– Нет, это ты не знаешь, с кем имеешь дело, – спокойно возразил он. – Ты слышал о «Секретных расследованиях»? Так вот я оттуда. Я сейчас номерочек запишу и передам своим. И ты тогда увидишь небо в алмазах. Мы рога еще не таким, как ты, обламывали. Из-под земли достанем. Тебе, сука, не только нового «мерса» не видать, ты мне еще свой отдашь для возмещения морального ущерба.
К великому удивлению Звонарева, он, сам не чая того, попал в точку. При словах «Секретные расследования» в глазах «кабана» что-то дрогнуло. Он, не говоря больше ни слова, опять встал на четвереньки и довольно быстро пополз к машине. Забираясь в салон, он со страхом косился на Алексея: не ударит ли по двери снова?
«Не иначе как наши качки выбивали из этой туши долги!» – с радостью думал Звонарев.
Поросенок с окровавленной, как у вурдалака, нижней частью лица сидел уже на водительском месте, судорожно нащупывая зажигание.
– Ты отойди к подъезду, – предложил Алексей Наталье. – А то вдруг ему захочется нас немного потаранить.
Но отставному любовнику было, видать, не до мести. Двигатель «мерса» ровно завелся, совершенно равнодушный к тому, что его хозяину чуть не вышибли мозги. Поросенок дал по газам, и черный лимузин, вильнув задом, в один миг, как нечистая сила, исчез за углом дома.
Наступила тишина. Было даже слышно, как звенели комары. Звонарев покосился на Наталью. Она стояла у дверей подъезда, как-то странно склонив к плечу голову.
– Пойдем, – сказал он.
Она повернулась, рванула на себя дверь, побежала, стуча каблучками, наверх. Алексей, сутулясь, поплелся за ней в своих пыльных носках, собрал по пути тапки. Неужели он, обыватель в трениках, только что «уделал» нового русского, отобрал у него пистолет? Если бы не его тяжесть за поясом, он бы подумал, что это сон. Задним числом, как это у него часто бывало, он ощутил сосущий страх и усталость.
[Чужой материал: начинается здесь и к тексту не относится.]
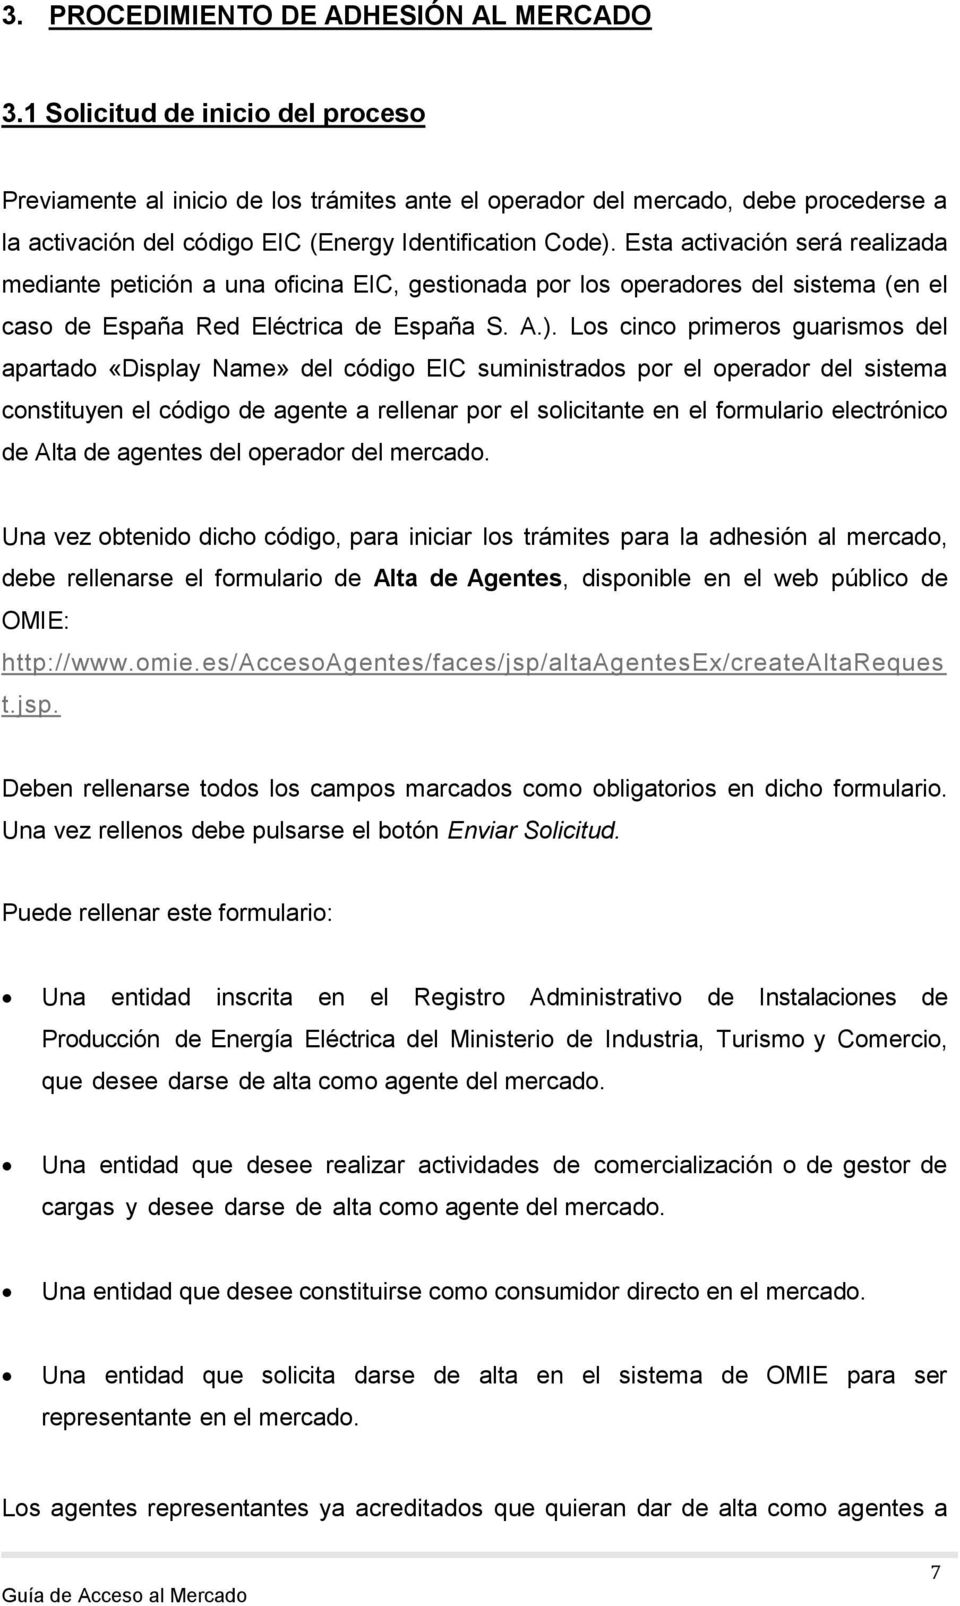 Esta activación será realizada mediante petición a una oficina EIC, gestionada por los operadores del sistema (en el caso de España Red Eléctrica de España S. A.).

Звонарев вошел в прихожую, снял носки. Подняв голову, он вдруг увидел себя в зеркале: примерно в таком же виде, с носками, он предстал перед Натальей, когда несколько недель назад вернулся с кладбища после дождя. Он поморщился, бросил их в угол.
– Наташа, – позвал он.
Она появилась на пороге своей комнаты – с серым, несчастным, искаженным страданием лицом. И тогда он ей сказал простые слова, которые давно зрели в нем, но он не мог найти в себе мужества сказать их:
– Наташа. Я люблю тебя и буду любить всю жизнь.
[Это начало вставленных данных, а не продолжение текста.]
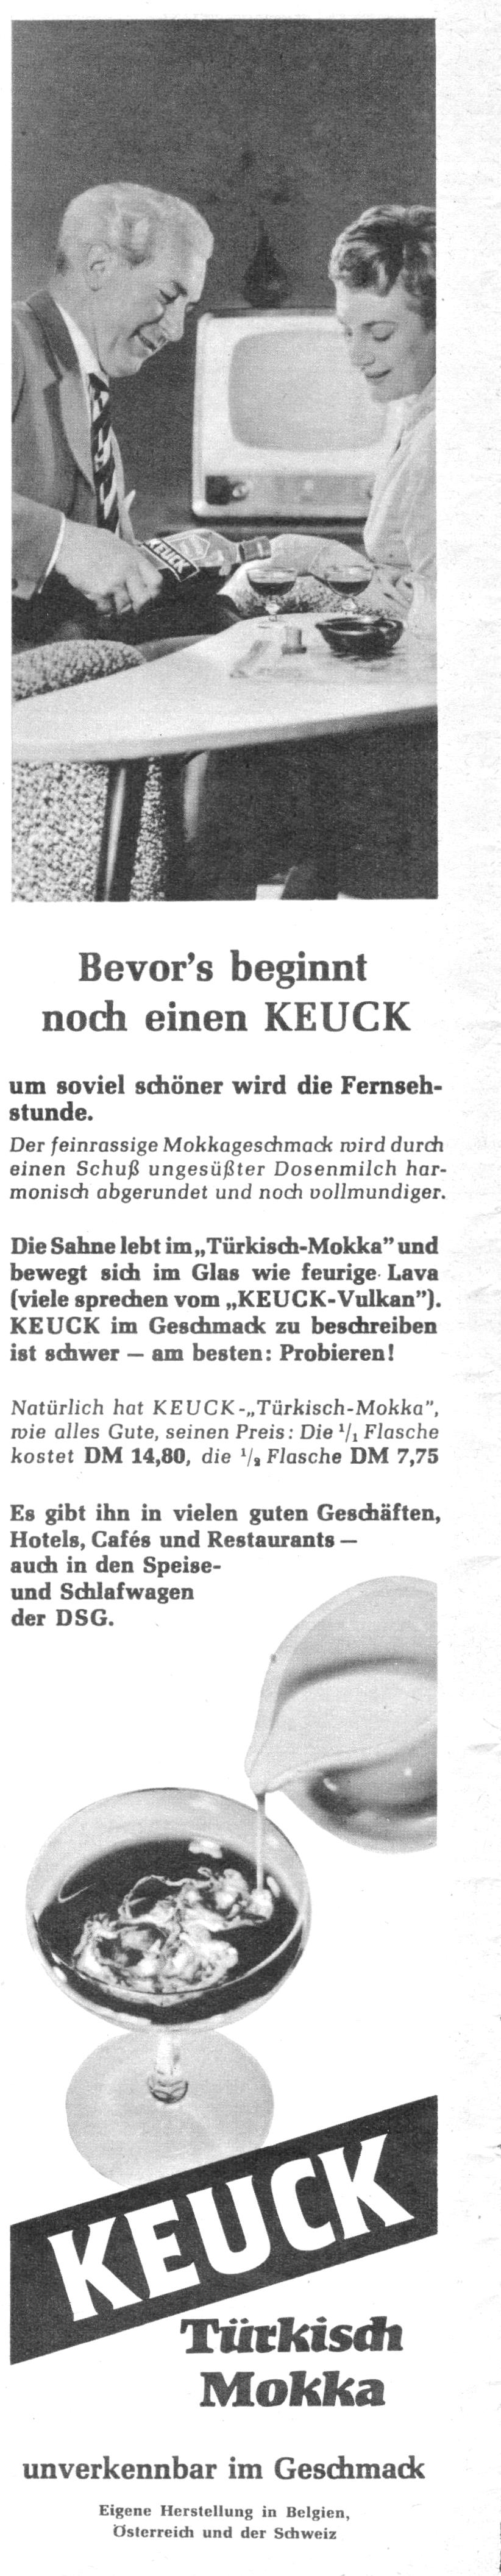 Keuck 1959 167.jpg

Она побледнела, прижала руки к груди.
– Я… я… – задыхаясь, пыталась она что-то вымолвить. Ноги не слушались ее. Она упала перед ним на колени, схватила его руку и припала к ней горячими губами.
– Нет-нет, – он взял ее за локти и поднял. – Я все понял. Это я виноват, а не ты. Я не должен был тебя оставлять ни при каких обстоятельствах. А теперь я сам погибаю без тебя. Я гнию заживо.
Она обняла его за шею, пряча лицо на груди. Все ее тело сотрясалось от рыданий.
– Алеша… Алеша… Алеша, что мы сделали друг с другом?
– Прости… прости меня… – потерянно бормотал он. – Ты сможешь меня простить?
– Что мы сделали друг с другом? – повторяла она. – Алеша… я запуталась… как я мучаюсь… если б ты знал… Алеша, родной…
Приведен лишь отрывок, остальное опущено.